12.  BBC: Nostalgia: Why it is good for you, by Tom Stafford

This post about nostalgia points to one of the many reasons why psychotherapy can be so damaging to a person’s mental health and well-being. Insofar as psychotherapy pokes holes in our fond memories of the past and identifies problems in our past (e.g., problems with our childhood upbringing, problems with our family relationships, problems with the way our parents or siblings treated us, problems with our partners and friendships, etc.), it undermines perhaps our greatest resources to enjoy the present and look forward to the future.

13.  Nature: Psychological treatments: A call for mental-health science, by Emily Holmes, et al.

Some great points here. But the “evidence base” for existing psychotherapies is overstated. The existing studies are so riddled with biases, conflicts of interest, research design flaws (e.g., failure to use active control groups that adequately control for placebo and expectation effects and demand characteristics, and lack of adequate blinding), statistical method flaws, failure to track harmful side-effects, etc. that they amount to a pile of nothing.

Until we understand how psychotherapies “work” or cause harm, we are playing dice with human lives.

Consumers deserve better. It’s great that this is coming to light.
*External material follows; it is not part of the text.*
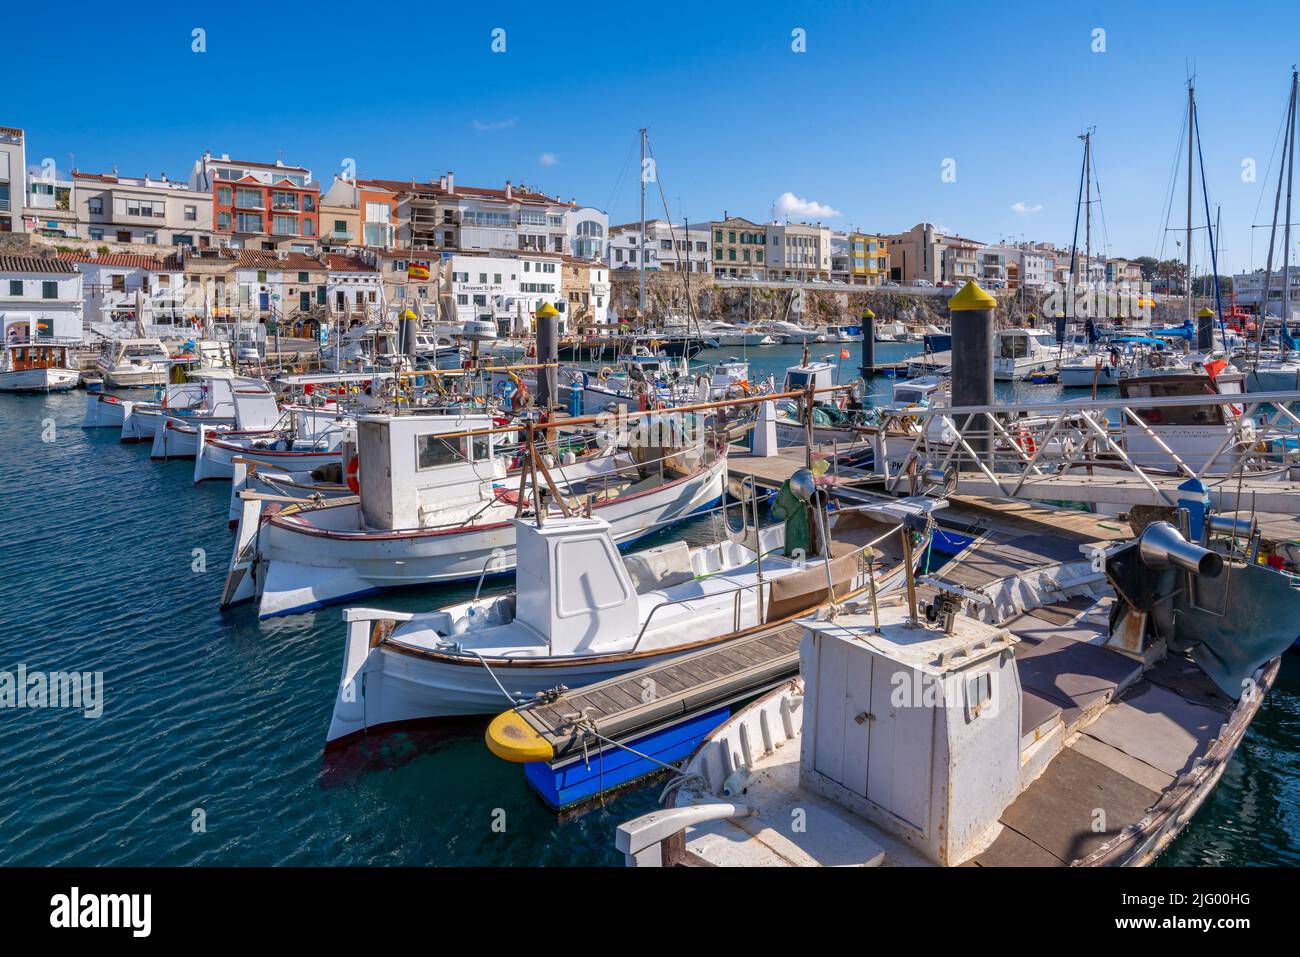 Vista de barcos en el puerto deportivo con vistas a casas encaladas, Ciutadella, Menorca, Islas Baleares, España, Mediterráneo, Europa Foto de stock

14.  NY Times: What the Therapist Thinks About You, by Jan Hoffman

OpenNotes is a wonderful program that should become mandatory. People deserve to know what they are paying for. OpenNotes may help to expose the pseudoscientific ideas that the psychotherapy industry depends on and the harmful effects that often go unspoken, and help to clear the way for better alternatives. Observing therapists’ reaction to OpenNotes is also a good barometer for the state of the psychotherapy industry; those who are being defensive may have good reason to prefer hiding.


2 thoughts on “Popular Media and Commentary”

  1. I glanced at some of the reader comments (especially from physicians) at the link from Item 5. One thing that struck me was how many of them emphasized treating patients like intelligent human beings, and being honest with them. This is so different from what I encountered in therapy.

    Your comments in Item 6 hit home — I am much less trustful of many people than I was before therapy. (Fortunately, there are still a few I trust.)

    Thanks for your website and your comments on others.